Essen. Hysterisch und aufgeheizt war die Atmosphäre, als die Caritas 1988 mit der Aids-Beratung begann. Damals starben manche Betroffene innerhalb weniger Wochen. Heute helfen die Mitarbeiter bei Fragen rund um Job, Wohnung oder Familie. Diskriminierungen gibt es immer noch.

Silvester 1993 erfuhr Bernd R., dass er HIV-positiv ist, „weil ich unvorsichtig im Spanienurlaub gewesen bin“. Er war 33 und die Diagnose hat ihn nicht so sehr umgehauen wie die Krankheit. Nur kurz nach der Ansteckung brach er körperlich zusammen, nahm 25 Kilo ab und landete in der Klinik. Er lebt, weil damals Medikamente auf den Markt kamen, die HIV inzwischen zu einer behandelbaren, chronischen Krankheit gemacht haben.

Das hat auch die Arbeit der Caritas Aidsberatung, die seit 25 Jahren existiert, völlig verändert, sagt Leiterin Ingrid Hafner. Die Ausgangslage war wegen der tödlichen Erkrankung eine Katastrophe. Manche Betroffene, die zu ihnen kamen, starben in wenigen Wochen. In den ersten fünf Jahren leisteten sie vor allem Pflege- und Sterbebegleitung.

Mehr als 3000 Kontakte in psychosoziale Betreuung

Heute geht es vielmehr um Lebenshilfe, um Beratung und Betreuung. 2012 hatten die neun Mitarbeiter rund 150 Klienten und mehr als 3000 Kontakte in der psychosozialen Betreuung. Zwar stehen das Thema Gesundheit und die Medikamenteneinnahme an erster Stelle, „das ist die Basis für alles.“ Aber es geht ebenso um finanzielle Mittel, Wohnen und Beschäftigung. Zudem klären die Mitarbeiter in Schulen auf, bieten Mal-Therapie, Frühstücks-Treff und Ausflüge an.

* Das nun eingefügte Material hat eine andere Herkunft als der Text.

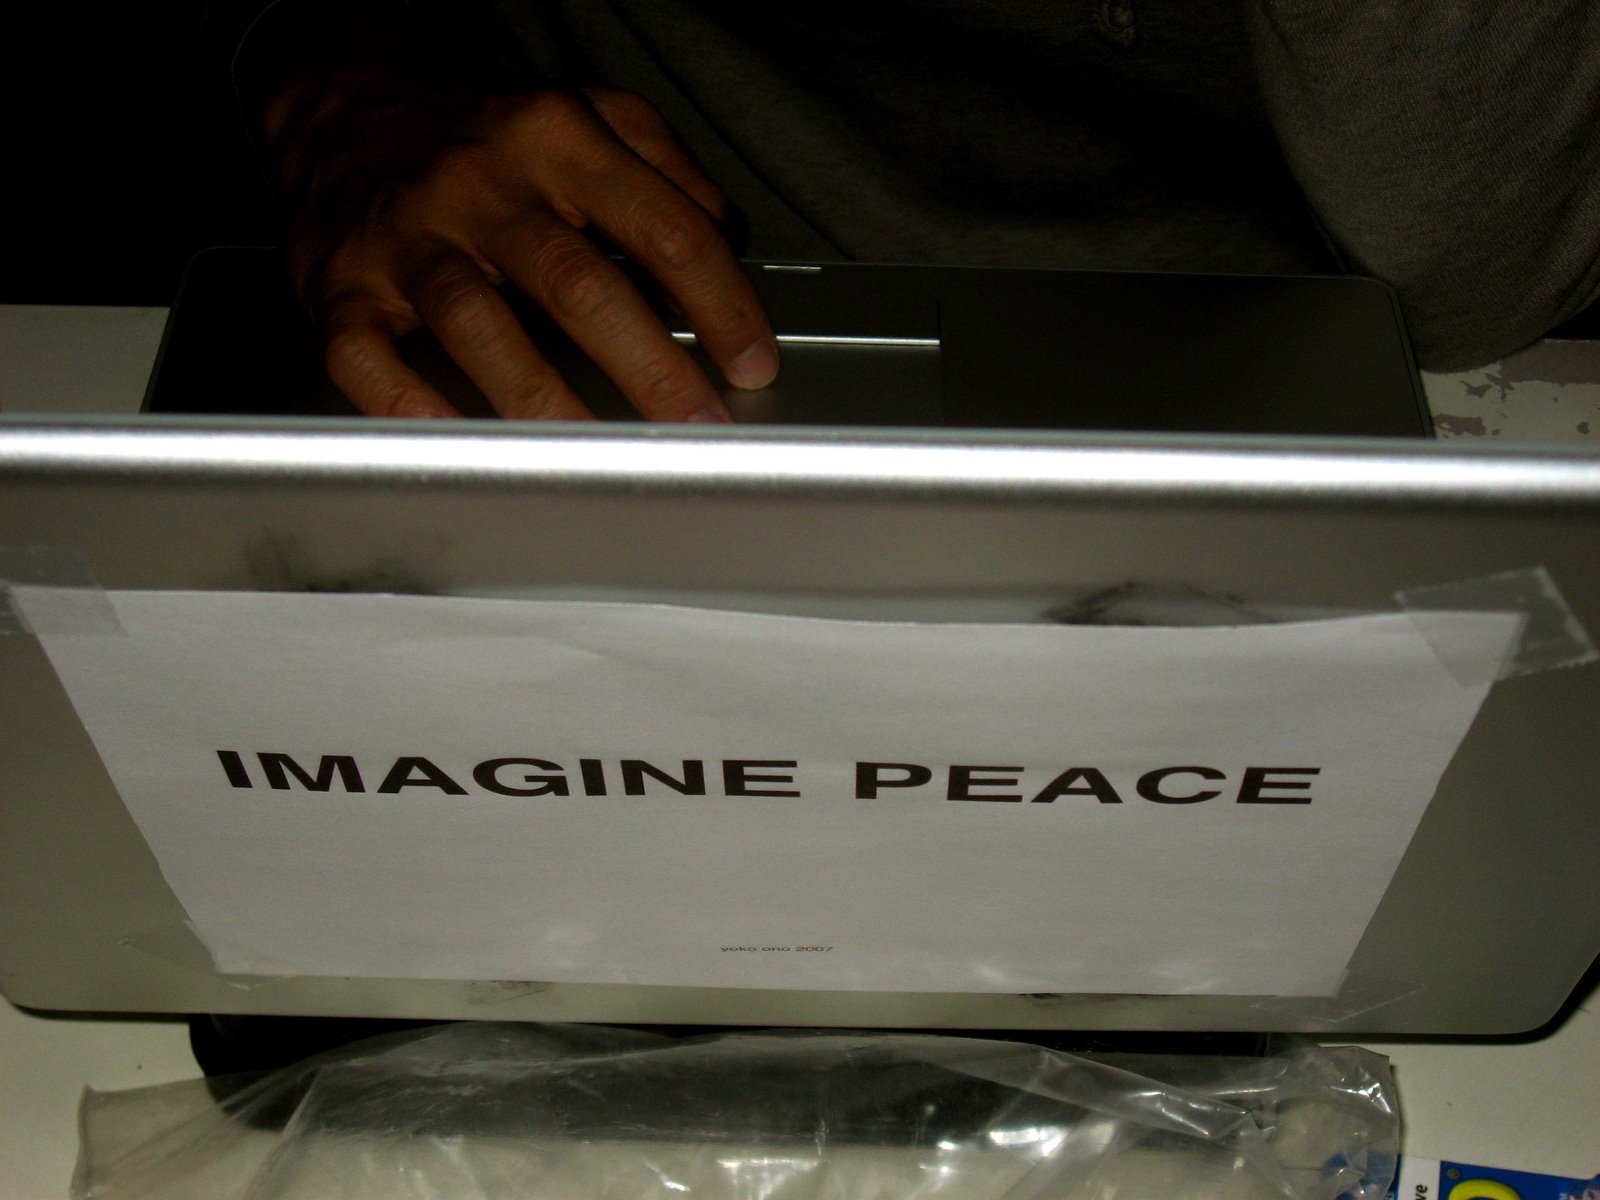 [imagine_peace_laptop.jpg]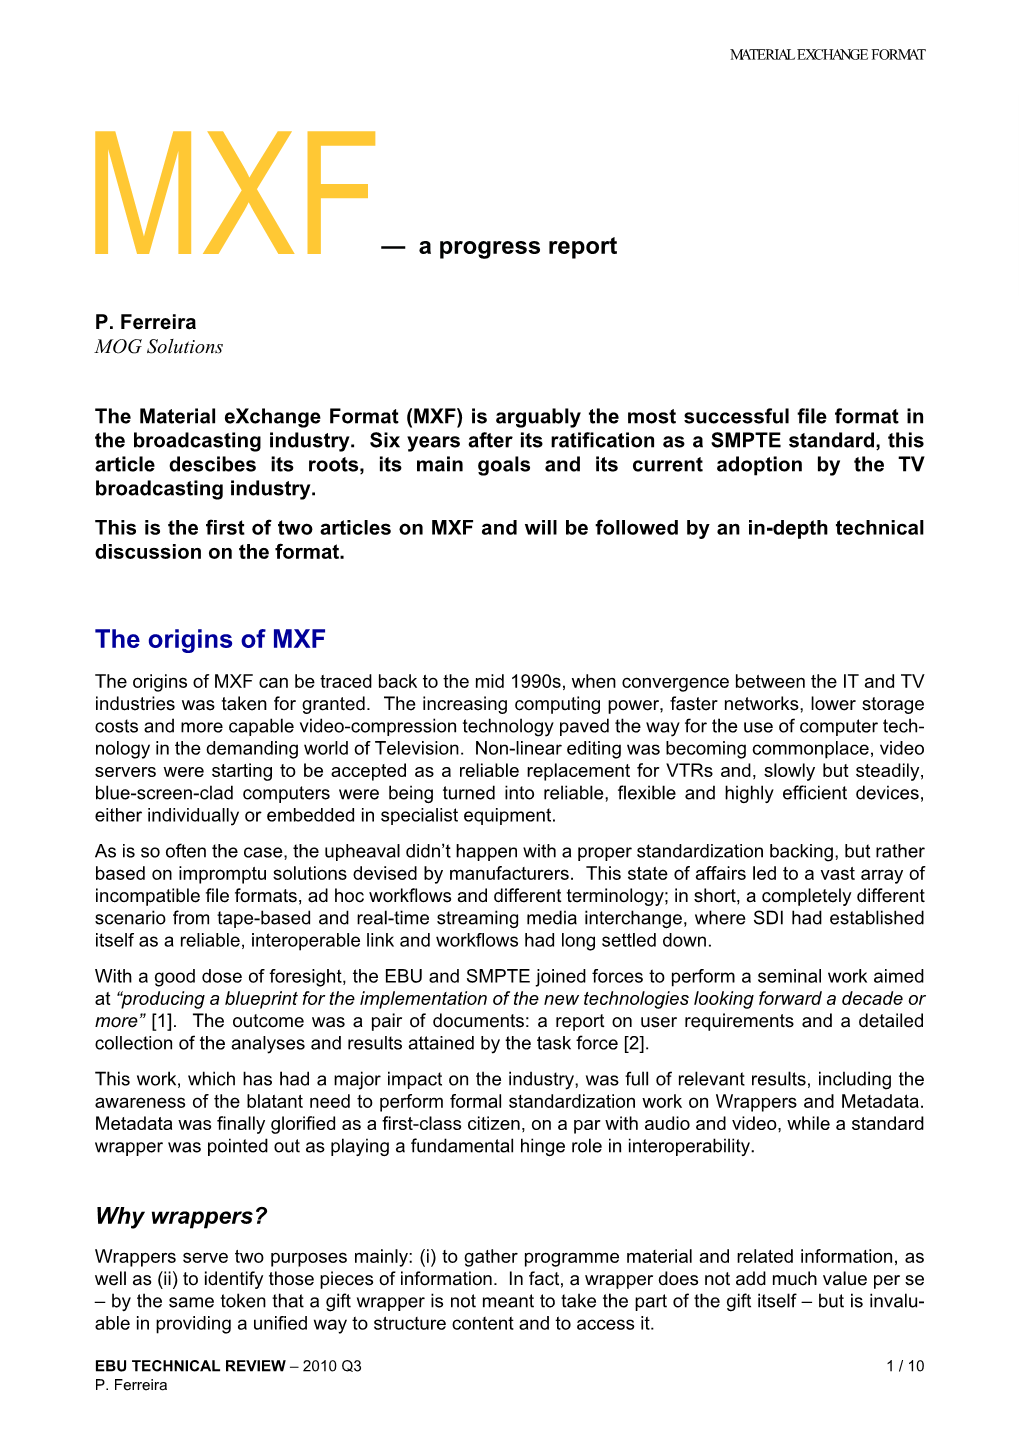 MXF — a Progress Report

1988 in den Anfängen gab es einen Angehörigenkreis, sie sprachen über den Schicksalsschlag. Die Beratungsstelle befand sich in einer Bredeneyer Jugendstilvilla, „die Atmosphäre war aufgeheizt und hysterisch“, erinnert sich Ingrid Hafner. Auch die Kirche sei gespalten gewesen: Ein Lager betrachtete Aids als Geißel Gottes, das andere wollte sich für Betroffene einsetzten. „Als Beratungsstelle hatten wir durchaus Startschwierigkeiten.“ Doch die Kirche habe mit dem Angebot ein Zeichen gesetzt, das ist bis heute wichtig.

Seit 2008 beraten sie in der Stadtmitte, seitdem ist der Orts-Caritasverband Träger. Vieles habe sich normalisiert, geblieben sind aber Diskriminierungen der Betroffenen, die mitunter persönlich und moralisch abgewertet werden, sagt Ingrid Hafner. Damit habe HIV unter den Krankheiten eine Sonderstellung. Betroffene verlieren nach wie vor Arbeitsplatz, Freunde oder den Kontakt zur Familie.

Der Familie nie etwas gesagt

Bernd R. hat sich in seiner Familie nicht geoutet. „Ich glaube, mein Vater weiß es“, sagt er und berichtet vom Spießrutenlauf in seinem früheren Job bei einer Krankenkasse, bis hin zur separaten Toilette, die „meinem Schutz dienen sollte“. Vier Jahre nach dem Testergebnis wurde er Rentner. Heute lebt er in einer Partnerschaft, berät selbst Betroffene, weil er selbst weiß, „wie wichtig diese Arbeit und die Vielfalt der Angebote ist“, sagt der 53-Jährige, dem die Ärzte damals an Silvester noch 14 Wochen zu leben gaben.